** Dataset section **
________________________

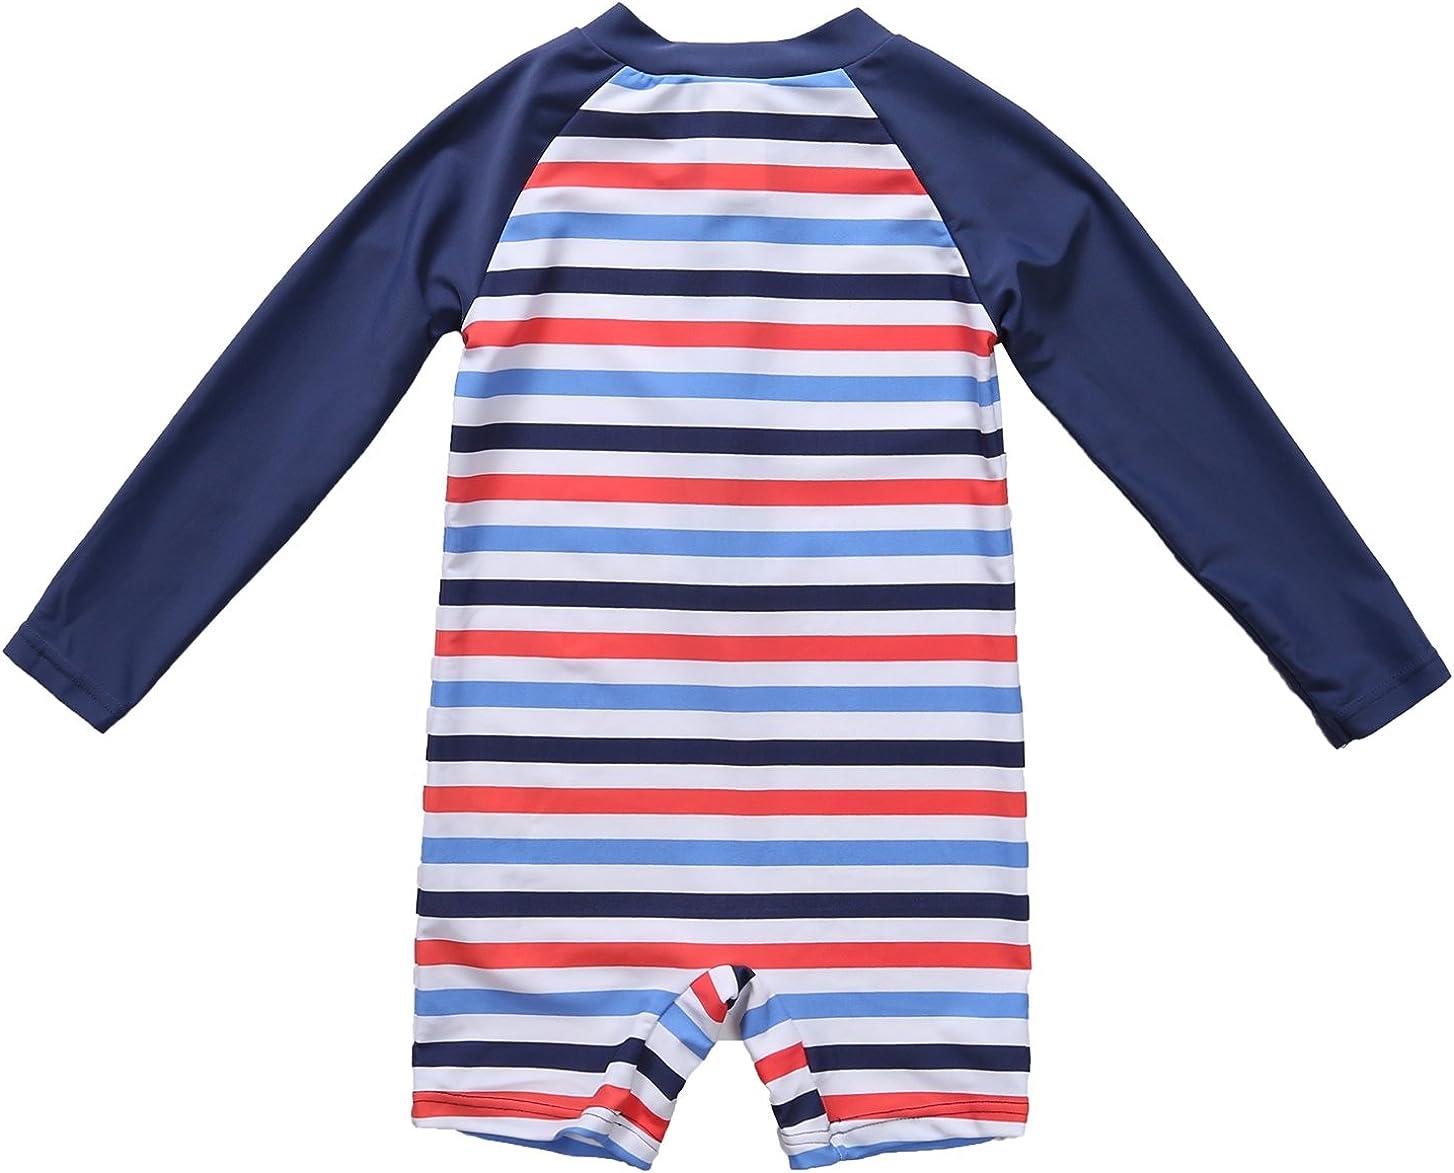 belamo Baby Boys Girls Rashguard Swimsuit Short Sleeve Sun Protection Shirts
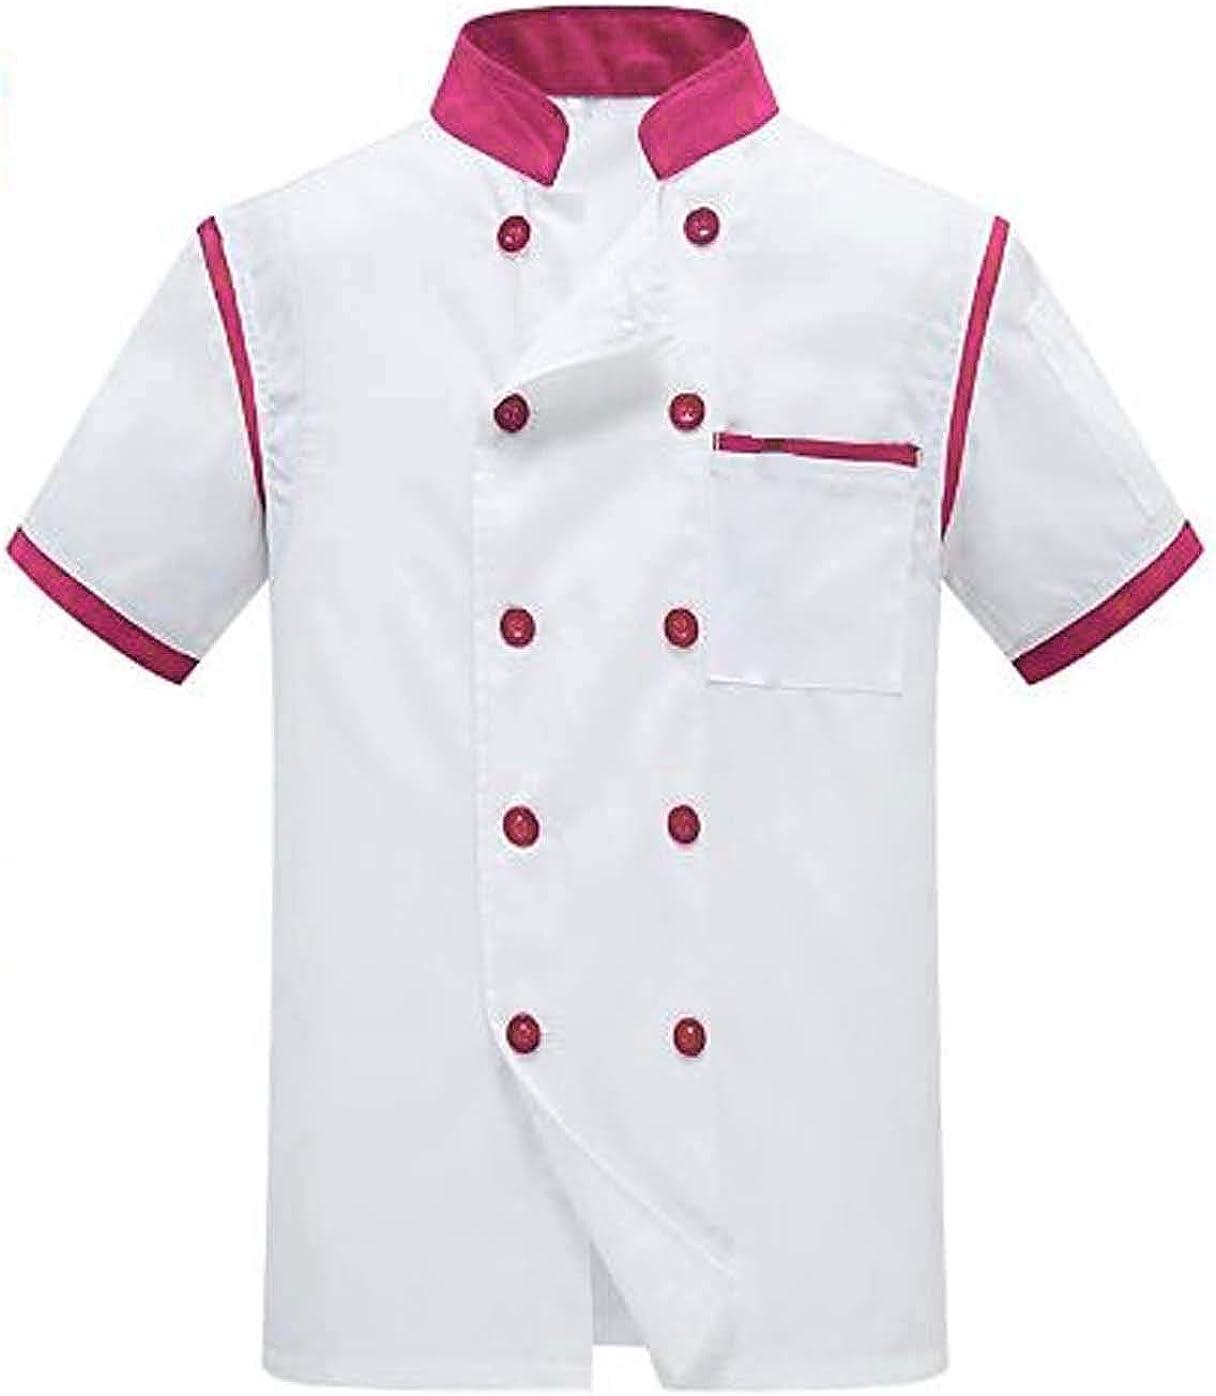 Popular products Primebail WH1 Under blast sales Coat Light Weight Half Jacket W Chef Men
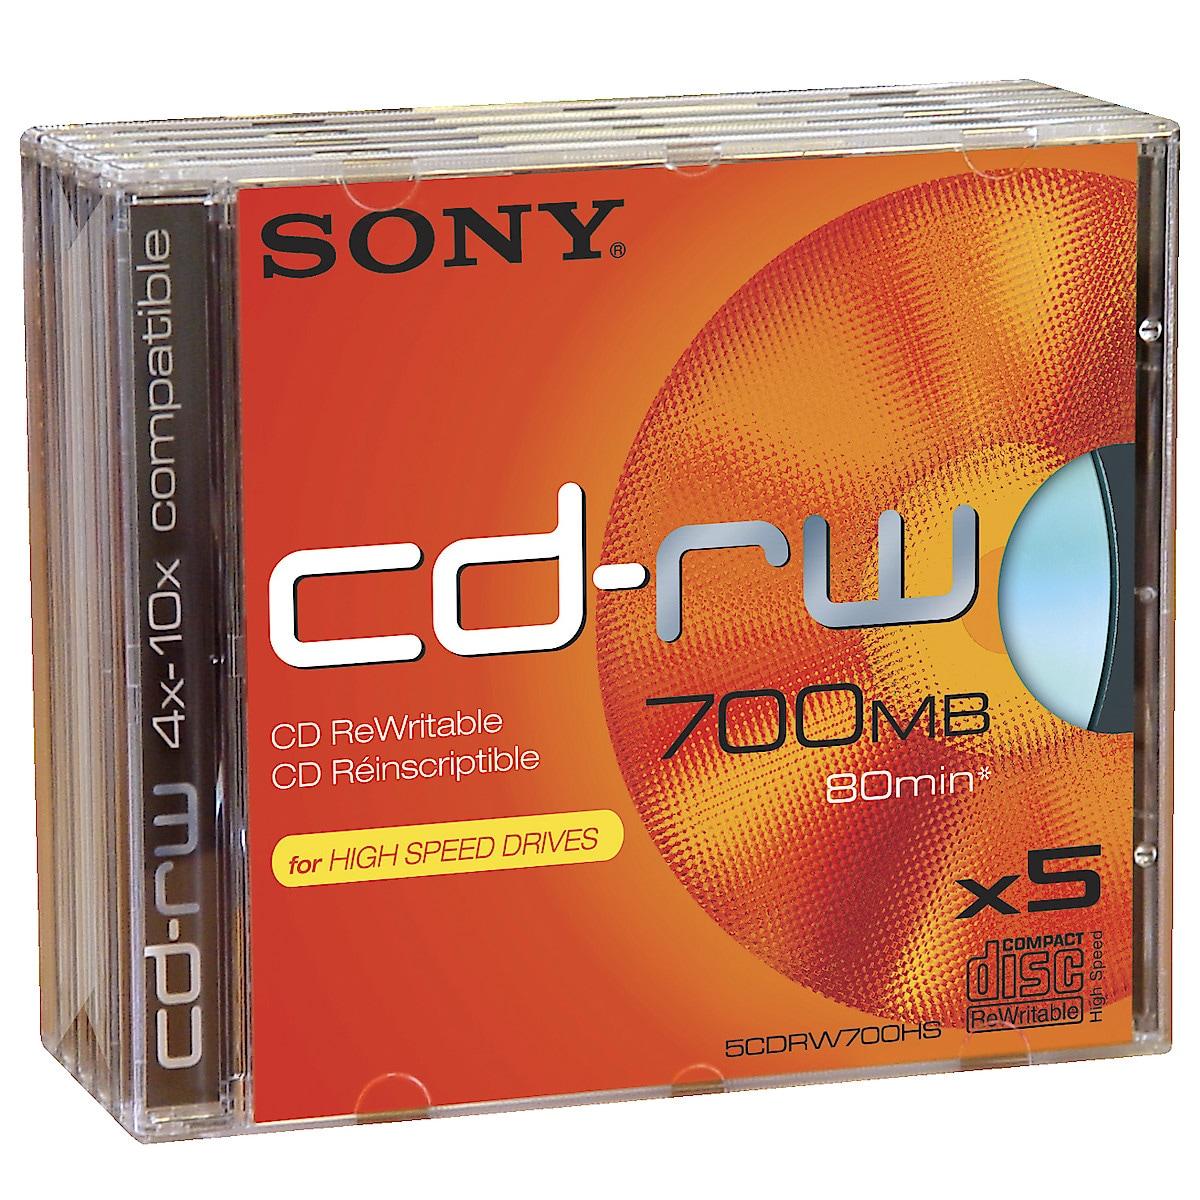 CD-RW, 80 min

________________________

** Work request **
Images in the data above are to be skipped. Retype all other material exactly.

** The completed task **
 belamo Baby Boys Girls Rashguard Swimsuit Short Sleeve Sun Protection Shirts
 Popular products Primebail WH1 Under blast sales Coat Light Weight Half Jacket W Chef Men
 CD-RW, 80 min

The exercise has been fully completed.